When future applicants seek funding from the Andrew W. Mellon Foundation, the largest supporter of the arts and humanities in the US, they will be evaluated based on one principal question: would their proposal help create a more just and fair society?
The organization announced Tuesday that it is reorienting its grant-making program entirely through the lens of social justice. Rather than a wholesale shift, “I would call it an evolution,” Mellon president Elizabeth Alexander told Artnet News, adding that the change has been in the works since she came to the post two years ago.
Current events—both a global health crisis that has disproportionately affected people of color, and widespread Black Lives Matter protests in cities across the US—“only further confirmed the unhealed racial crisis in this country,” making this shift in priorities all the more essential.
“We were going to do it anyway,” Alexander said, but “this moment for the strategic rollout has come at a time for the country where it seems very clear in a much more widespread way that we all need to be thinking very sharply about how the work that we do contributes to a more just society.”
The move echoes the Ford Foundation’s 2015 decision to direct its grant making exclusively toward fighting inequality in 2015. Alexander came to Mellon from the Ford Foundation, and considers the two organizations “siblings in philanthropy.”
So too, the foundations’ focuses on inequality and social justice are closely intertwined. “We live in a culture where resources are unequally distributed,” Alexander said. “Addressing that inequality is another way of talking about what does it mean to contribute to a more just society.”
And just as Ford has continued to support the arts and culture, so, too, will Mellon. “The way that we’re interpreting social justice is very broad,” she said. “It’s very important to Mellon in all of our grant-making to say, ‘Who haven’t we reached? Who haven’t we supported?

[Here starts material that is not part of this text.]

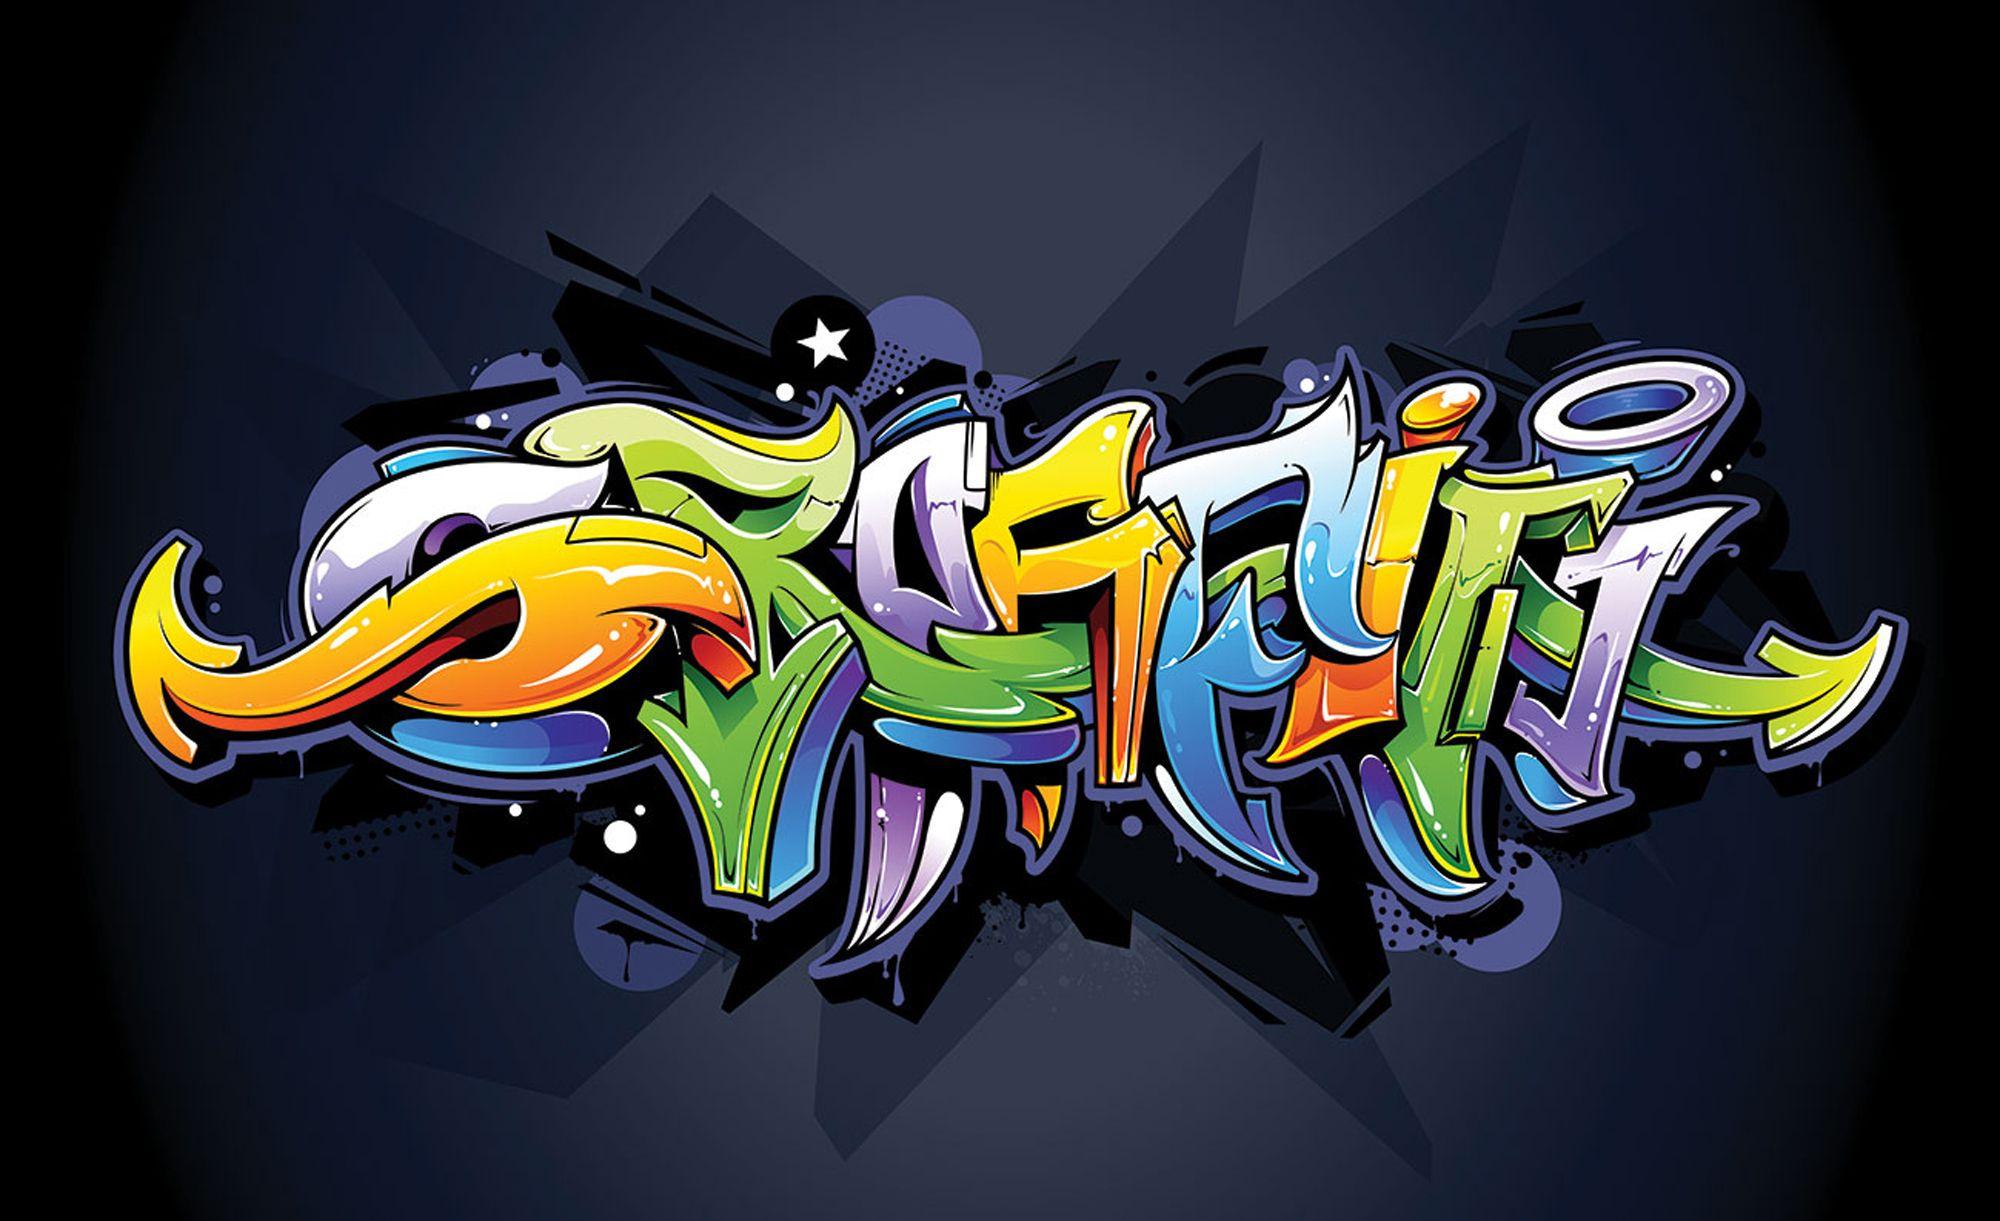 Fototapeta dzieci graffiti kolor ściana mur254x184

Who hasn’t felt Mellon was interested in their work?’ … We sit atop tremendous resources that are meant to be shared.”
Under the new guidelines, there will be more funding for projects like the $250,000 grant for the Lyons Seneca Village Monument, announced last fall. Mellon is one of four private foundations paying for the $1.15 million sculpture in New York’s Central Park, honoring Albro Lyons, Mary Joseph Lyons, and their daughter Maritcha Lyons. The abolitionist family were property owners in Seneca Village, a Black and immigrant community evicted to make way for the park.
Other recent grantees that fit the social justice purview include NXTHVN, the nonprofit arts incubator artist Titus Kaphar is building in New Haven, Connecticut, and Los Angeles’s Underground Museum, founded by the late artist Noah Davis in 2013.

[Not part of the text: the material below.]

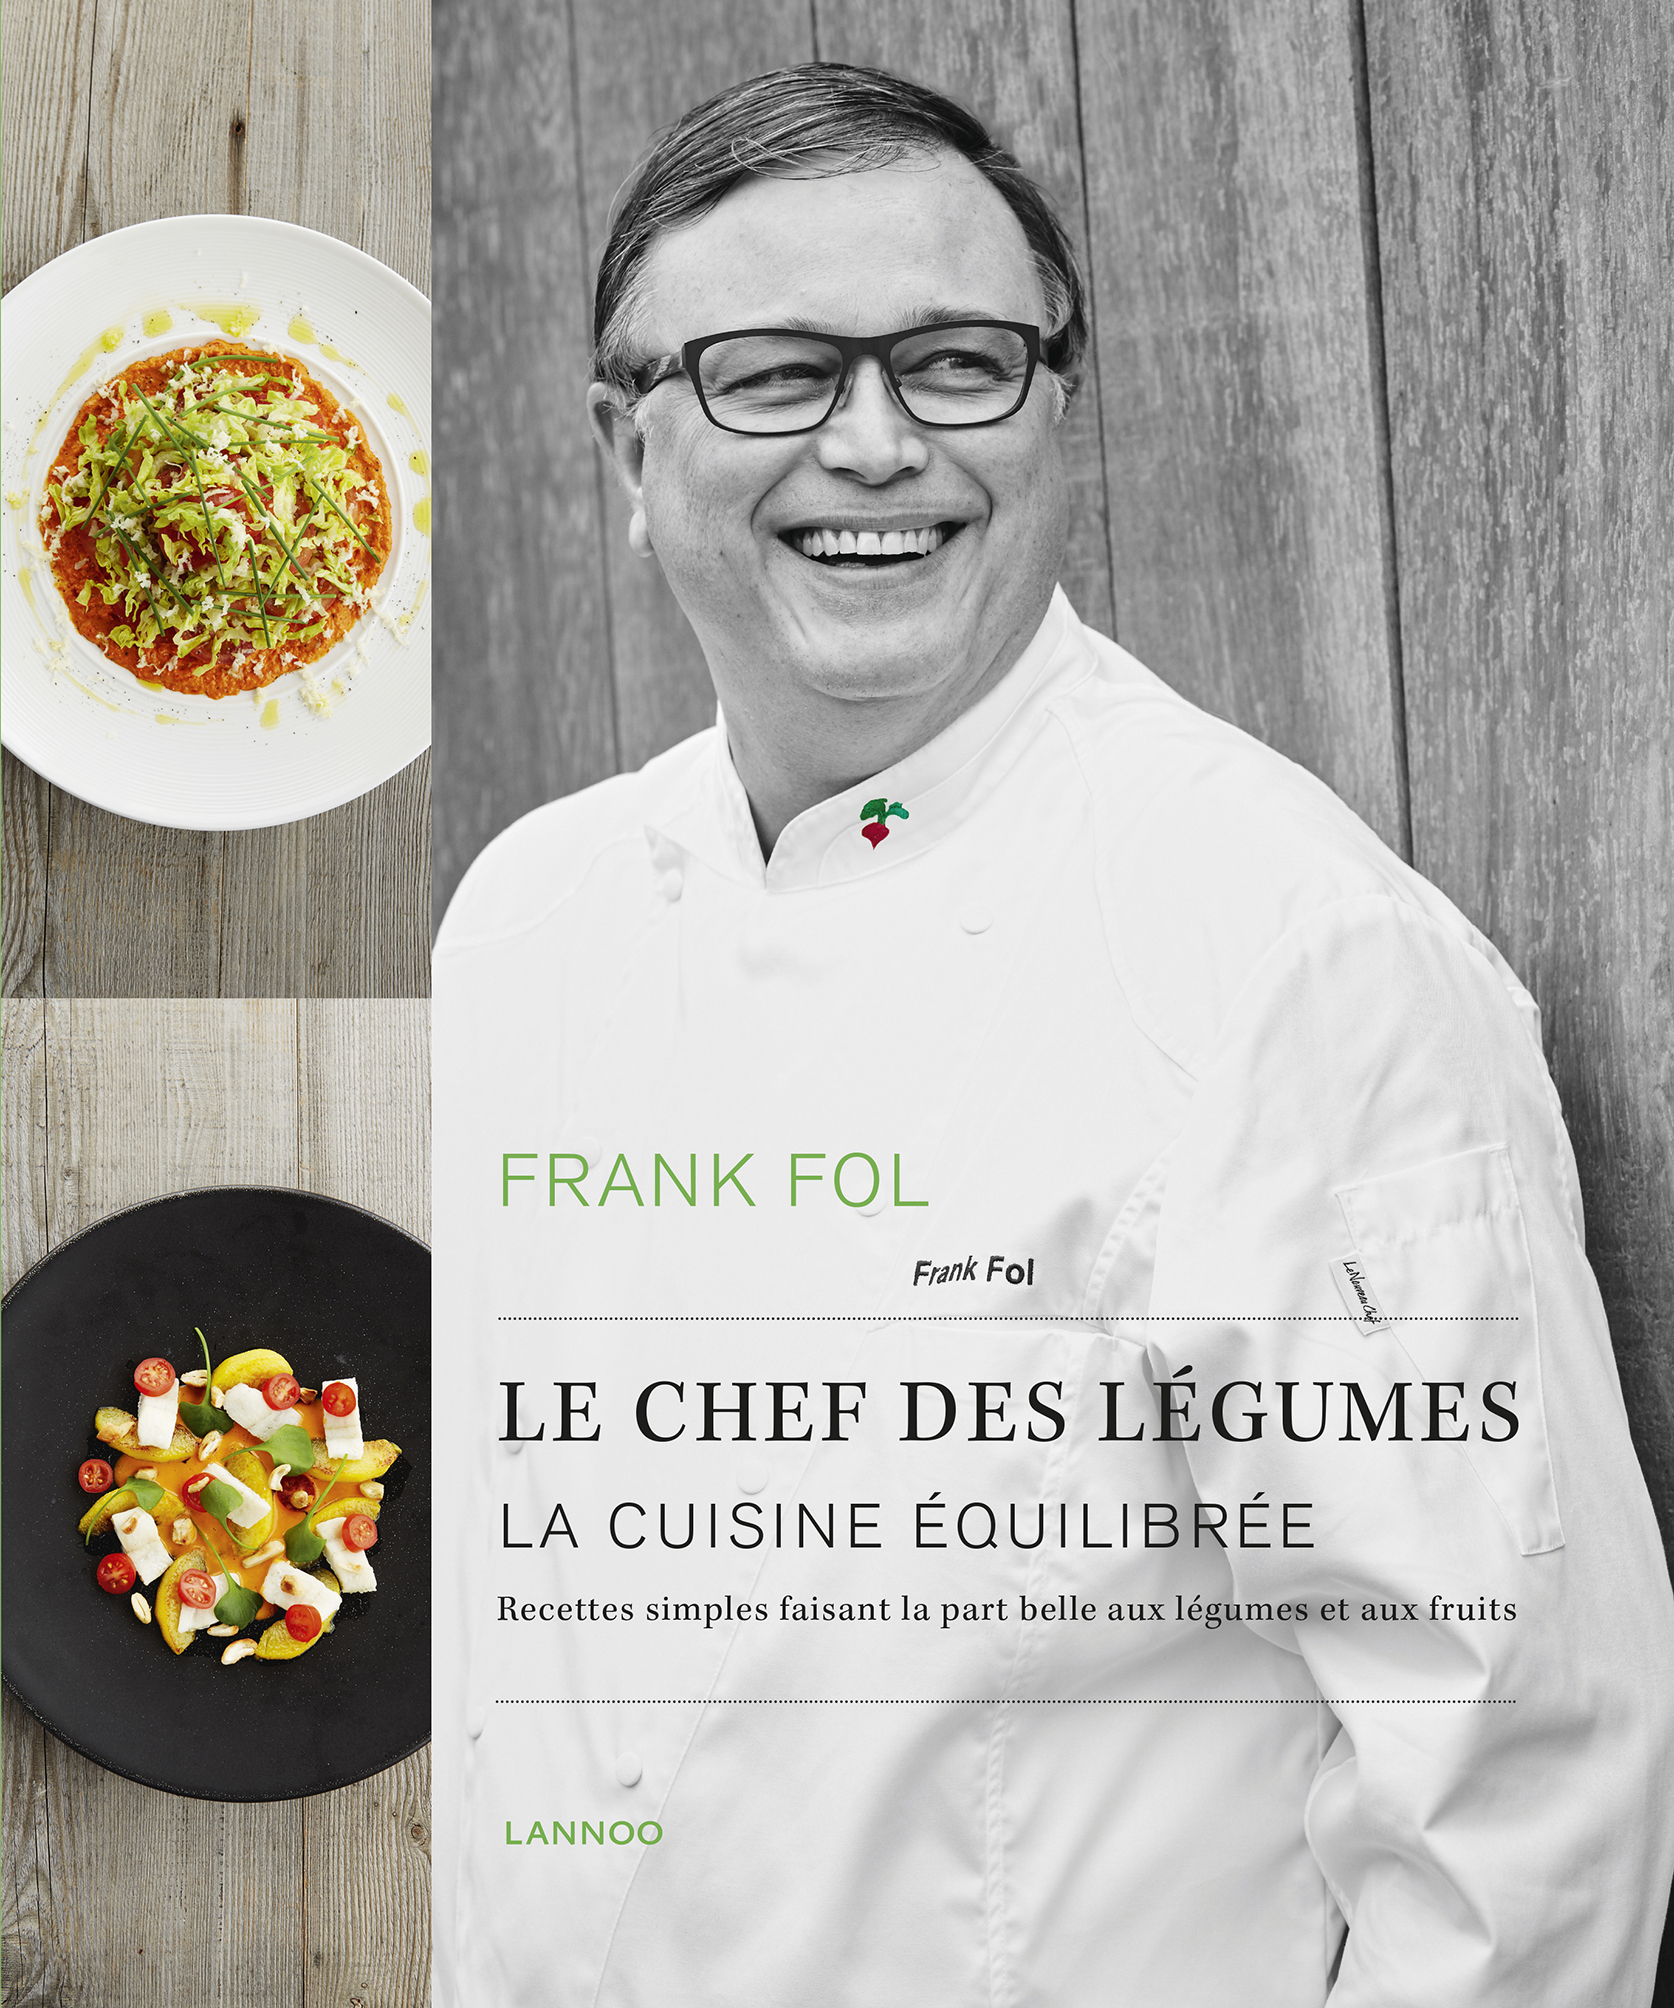 photo couverture livre frank fol

“They are artist-visioned, -created and -run spaces,” said Alexander, noting that both are also in neighborhoods that don’t have other arts and culture spaces. “We believe that existing institutions can do wonderful work, but it’s very important for us to look at and support institutions that are nascent and that have diverse leadership.”

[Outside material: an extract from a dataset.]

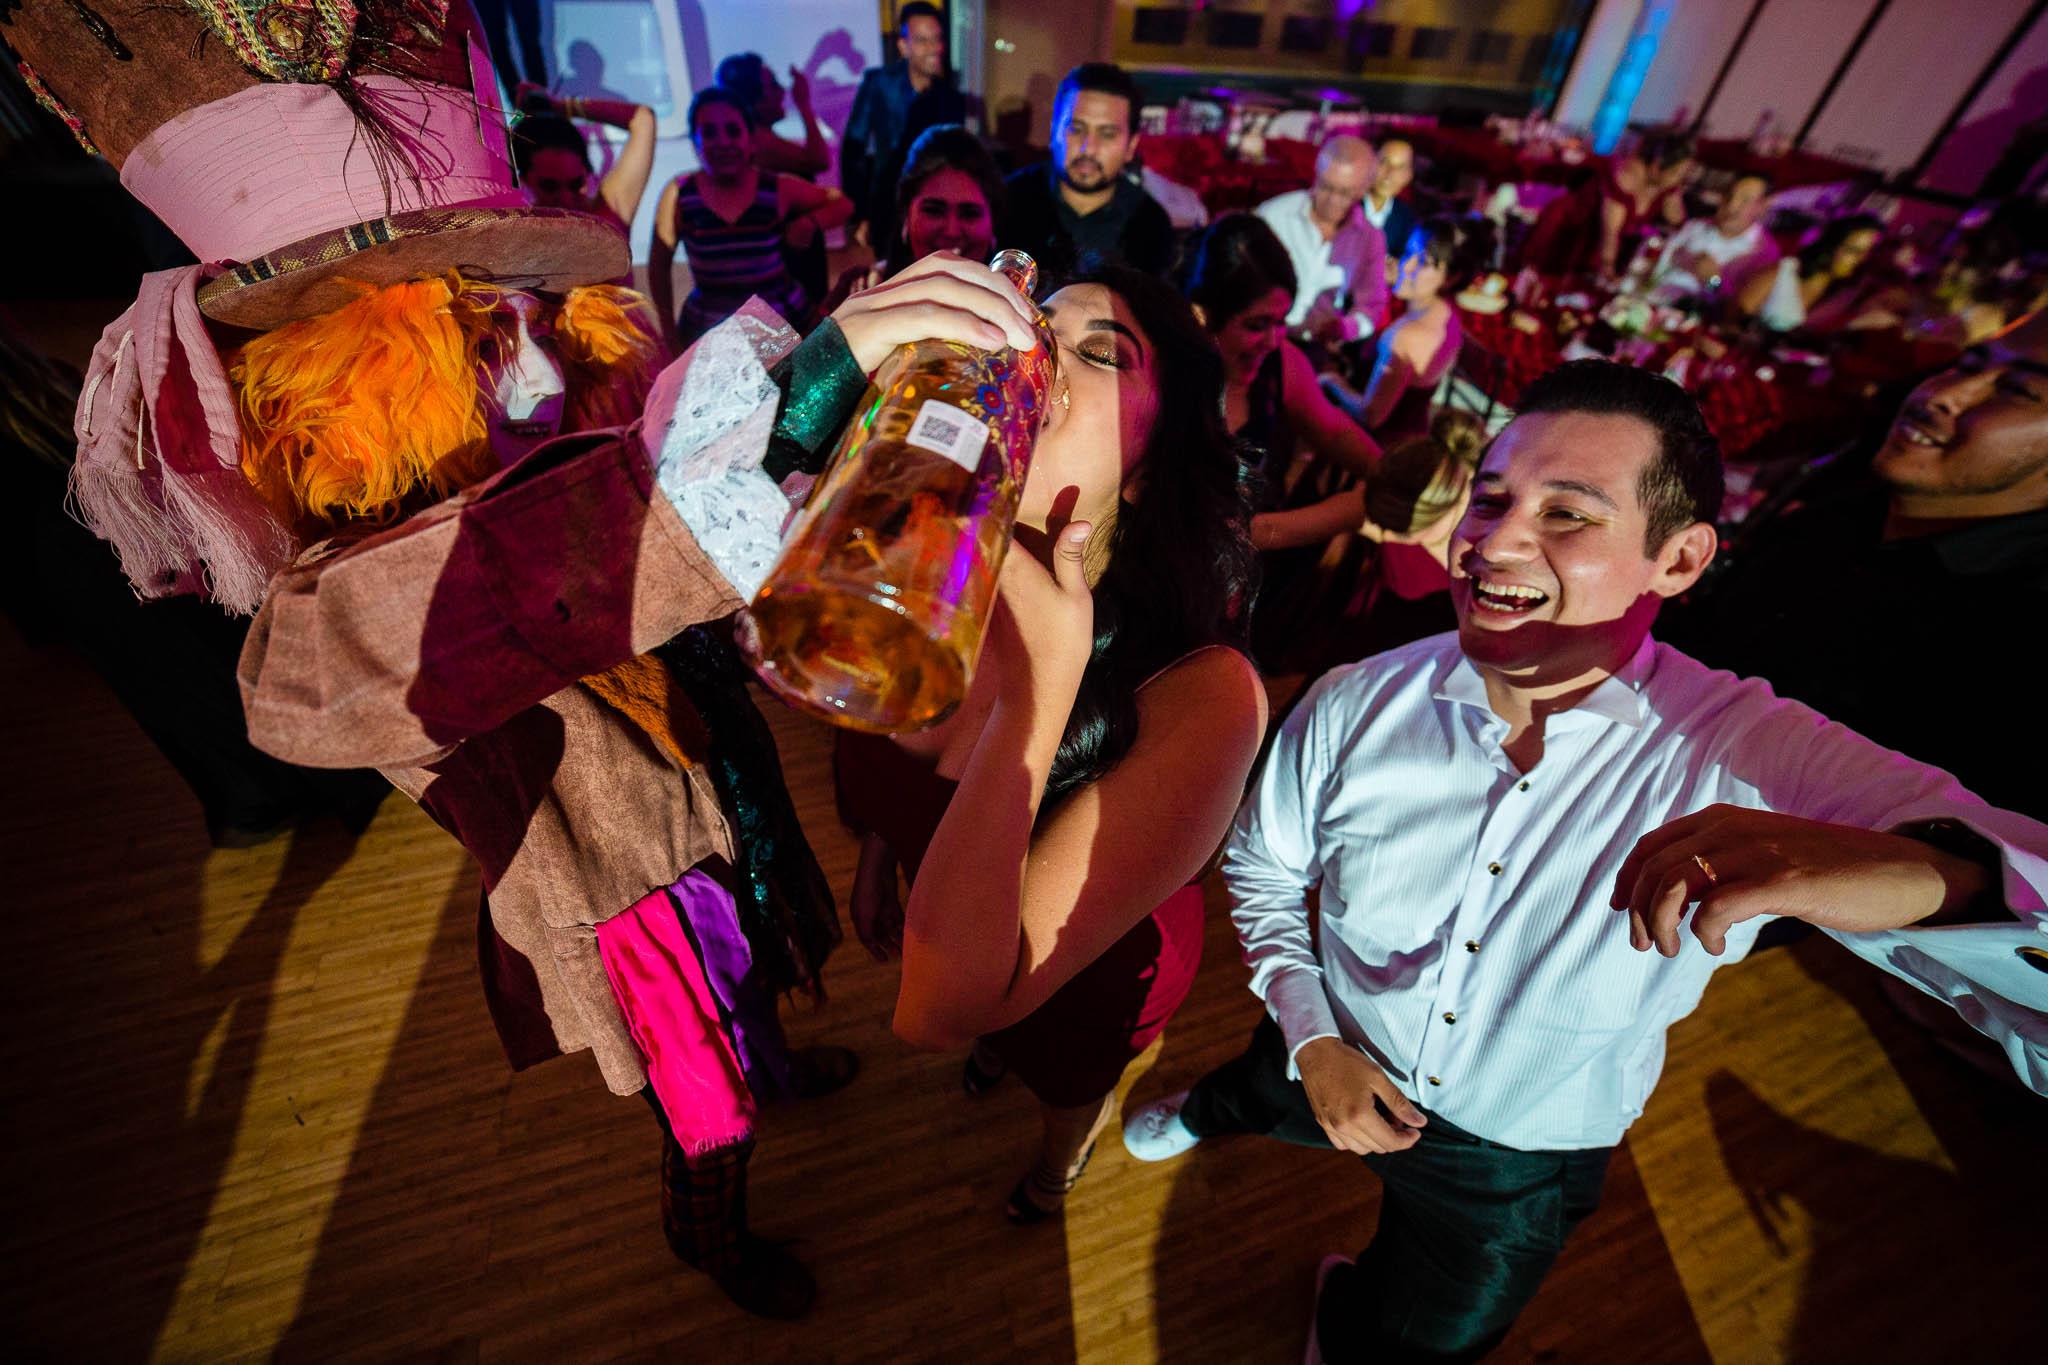 fotografo de bodas san luis potosi boda mexico wedding destination fotos de boda 268

Mellon is “on the lookout always for people who are trying to grow something new but who have been historically under-resourced,” she added. “Of course, that often means organizations presenting the work of or are run and directed by people of color.”
Alexander didn’t mention any specific types of projects that don’t align with Mellon’s new vision, but museums that are stuck in the traditional canon of Western art, with a myopic focus on white male artists, likely won’t make the cut. And the foundation isn’t just looking at programming, but also at museum staff and leadership, recognizing the importance of diversity at all levels—a 2015 Mellon study found museum staff to be overwhelmingly white.
“An institution that remains unaware of the contributions and the excellence and the beauty and the beauty and the ideas and the knowledges of the majority of our population is not serving its community well,” Alexander said.
The Mellon Foundation has ramped up its giving from roughly $300 million annually to $500 million this year, recognizing that artists and cultural organizations have been hard hit by the financial downturn. That’s included helping forge an Artist Relief coalition making 100 grants of $5,000 each to individual artists—who are not normally eligible for Mellon grants.
“I feel like artists are the essential workers for the soul,” said Alexander. “We don’t have an art ecosystem if we don’t have individual artists.”
Mellon has also teamed up with the Ford Foundation and three other foundations to boost its annual giving to nonprofits in dire financial straits due to lockdown, putting $200 million toward the collaborative $1.7 billion effort.
“It is really humbling when you look at all the need and realize ‘we give away the most and it still doesn’t even begin to be enough,'” said Alexander. “We need the arts to take us through dark times. We need the arts to help us imagine a different future.”